Voids in Solid State Definition

Voids Present in Solid-State

Closed Packed Structure 

Matter exists in a solid state due to the close packing of its constituent particles. There are two types of tight packing in solids. The two varieties are Cubic Close Packed (CCP) and Hexagonal Close Packed (hcp) lattices.

Closely Packed Cubic (CCP)

Due to the near proximity of the spheres of molecules in this packing, each row of spheres in a given dimension duplicates the previous row. The spheres in a row do not fit in the depressions formed by two adjacent spheres from the previous row. A typical arrangement is a term that refers to this particular form of layout. Additionally, this is referred to as a face-centered cubicle (FCC). Copper, silver, and gold are all metals with this type of dense packing of constituent particles.Simple cubic lattices are used for close-packed cubic

When atoms are placed in square close packing or hexagonal close packing in two-dimensional structures, we observe empty gaps between the atoms. These empty spaces are referred to as voids, and in hexagonal packing, these voids are triangular in shape, hence the name triangular voids lattices, while primitive cubic lattices are used for unit cells.

Hexagonal Close Packed (HCP)

The spheres of molecules in a single row are organized in such a way that they fit into depressions between neighboring spheres from the preceding row in this sort of packing. It is referred to as the ABAB layout. Numerous metals, including magnesium and zinc, have this type of packed lattice.

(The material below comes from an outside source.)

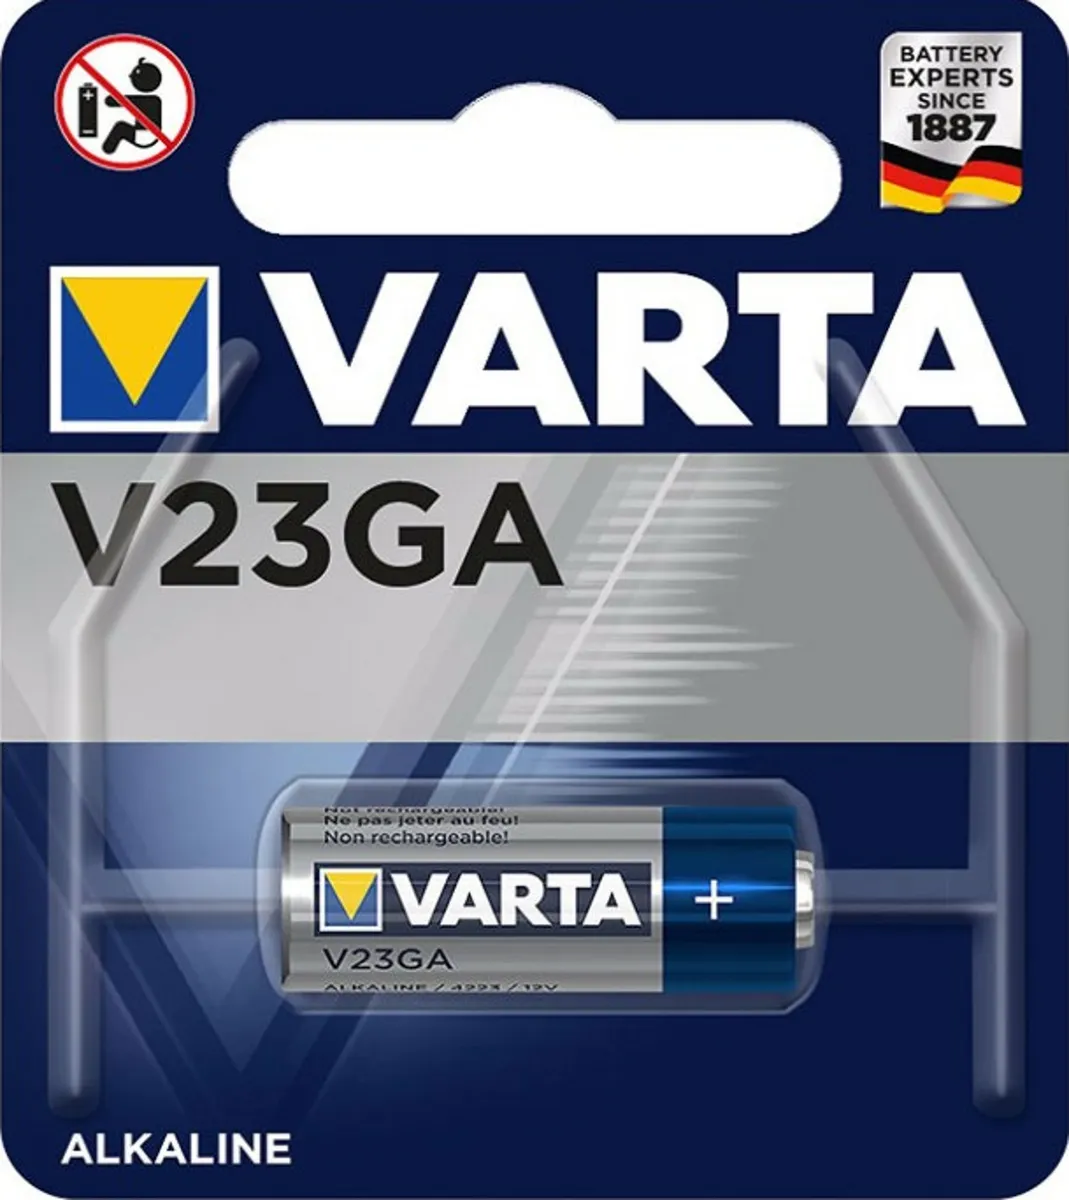 Koop uw Varta Battery V23GA 12V bij SBI

The coordination number refers to the number of neighboring atom particles. In both CCP and HCP, each sphere is surrounded by twelve surrounding atoms; thus, the coordination number is identical in both situations. 

Types of Voids

Tetrahedral Voids: Within a cubically close-packed structure, the second layer’s spheres are present above the first layer’s triangular voids. Each sphere touches the first of the layer’s three spheres. It forms a tetrahedron by the method of  joining the centers of these four spheres, and the space created by joining the centers of these spheres forms a tetrahedral void. In a closed packed structure, the number of tetrahedral voids is always two times that of the number of spheres. Let the number of spheres be n. Then the number of tetrahedral voids will be equal to 2n.

Characteristics

• Four atomic spheres enclose nothingness or empty space. 
• This void is generated when a triangular void composed of coplanar atoms comes into contact with the fourth atom above or below it.
• The volume of the void is significantly smaller than that of the spherical particles.
• If R is the radius of the constituent spherical particle, the radius of the tetrahedral vacuum is 0.225 R.
• The number of tetrahedral voids is equal to the number of densely packed spheres by a factor of 2N.

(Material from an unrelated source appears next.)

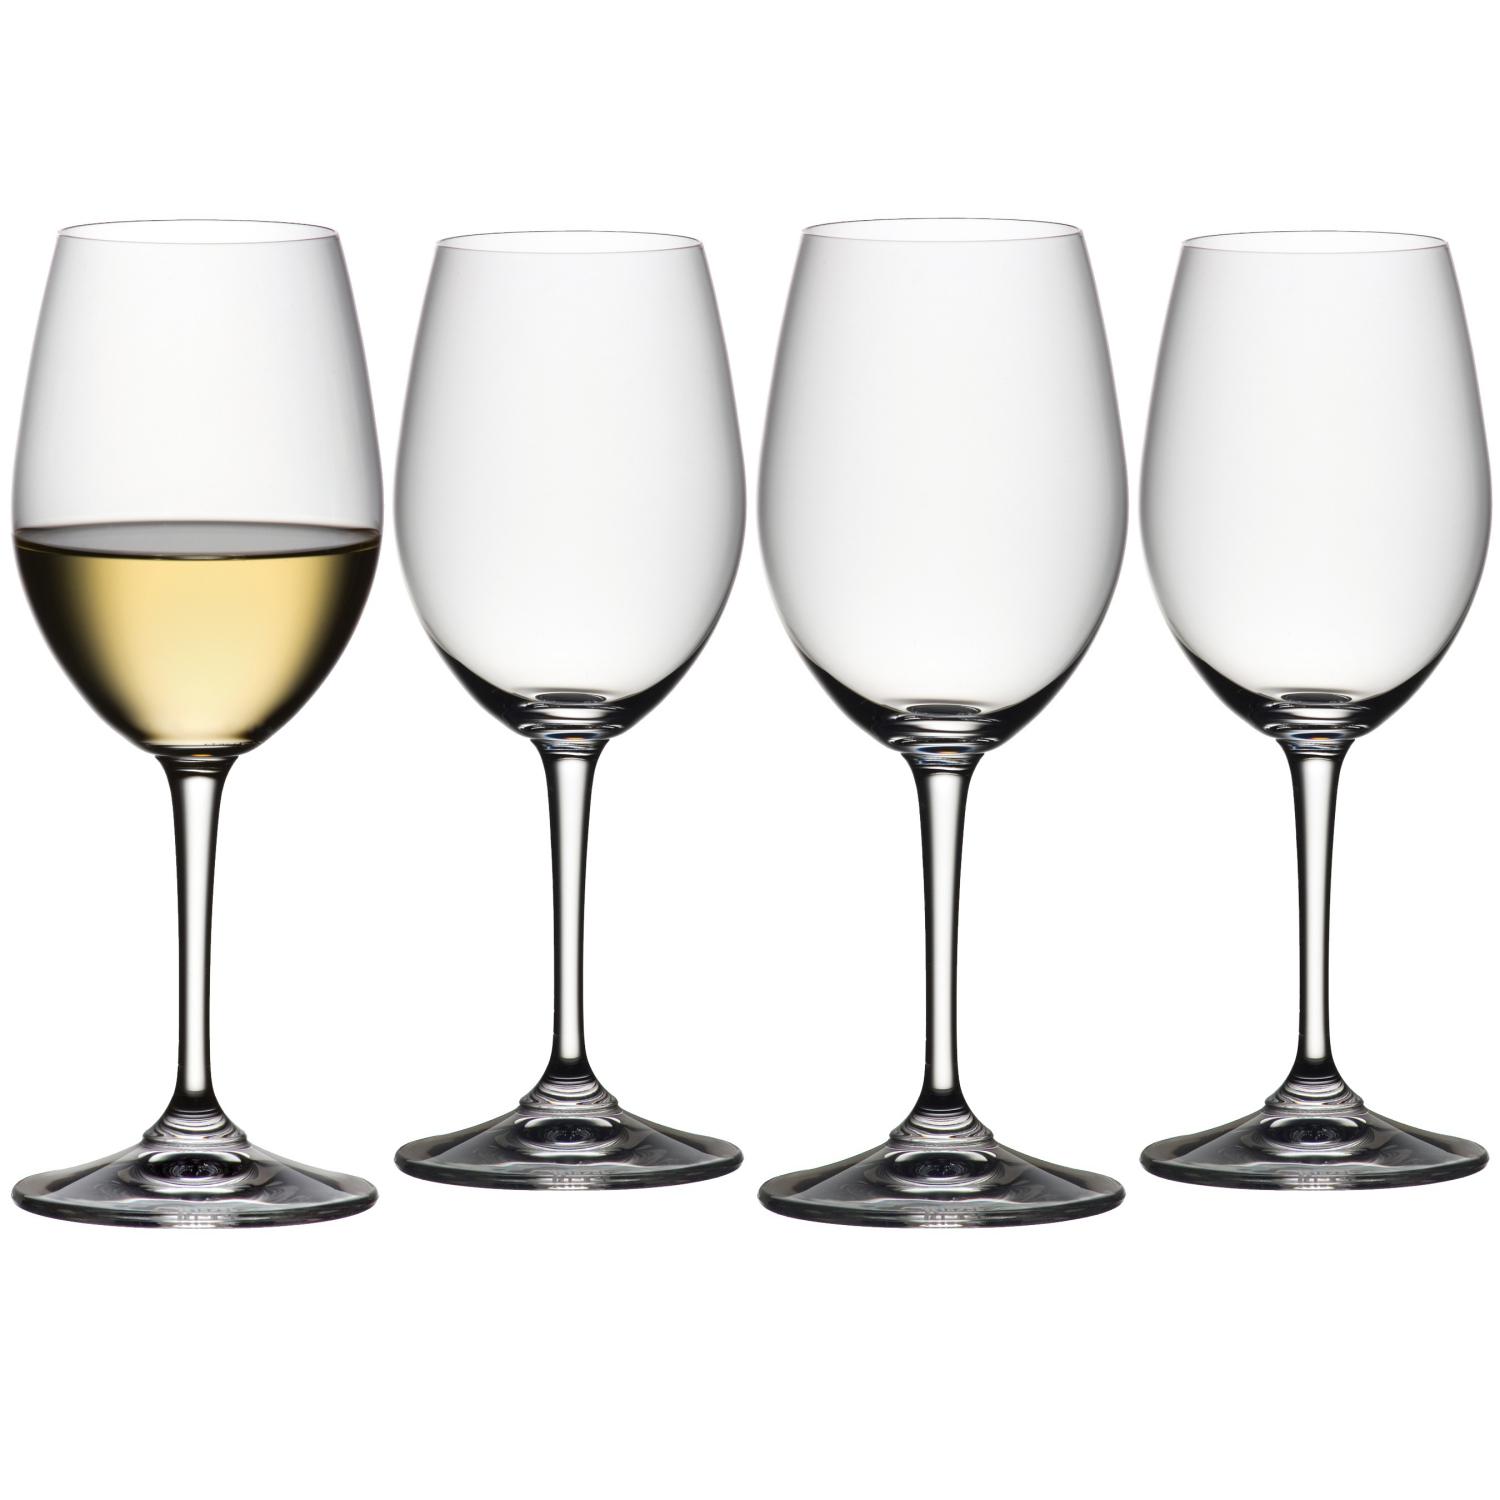 4 бокала для белого вина RIEDEL Vivant White Wine 340 мл (арт. 0484/01)

Octahedral Voids:   When these triangular voids of the first layer coincide with that of the triangular voids of those layer above or below it, we get a void that is formed by enclosing six spheres. This vacant paces which is formed by combining the triangular voids of the first layer and that of the second layer is called Octahedral Voids. Octahedral Voids can be referred to the space created by combining the triangular voids of the first and second layers. If the number of spheres  can you please buy, e fujita close-packed structure is n, then the number of octahedral voids will be n.

Characteristics

• Six atomic spheres encircle the void or nothingness. As a result, the coordination number of the tetrahedral vacancy is 6.
• Six atoms at each of the octahedron’s six corners interact with the atom in the octahedral void.
• This void is created by two pairs of equilateral triangles with six points pointing in opposing directions.
• The vacuum has a relatively small volume.
• If R is the radius of the constituent spherical particle, the radius of the octahedral vacuum is 0.414 R.
• The number of octahedral voids matches the number of spheres that are closely packed.

Conclusion

Voids are a technical term that refers to the spaces between constituent particles. In solid states, voids refer to the empty space between constituent particles in a densely packed system. In ccp and hcp structures, two types of voids are created. These are tetrahedral and octahedral voids, respectively. Tetrahedral voids are generated when a tetrahedron forms between atom layers.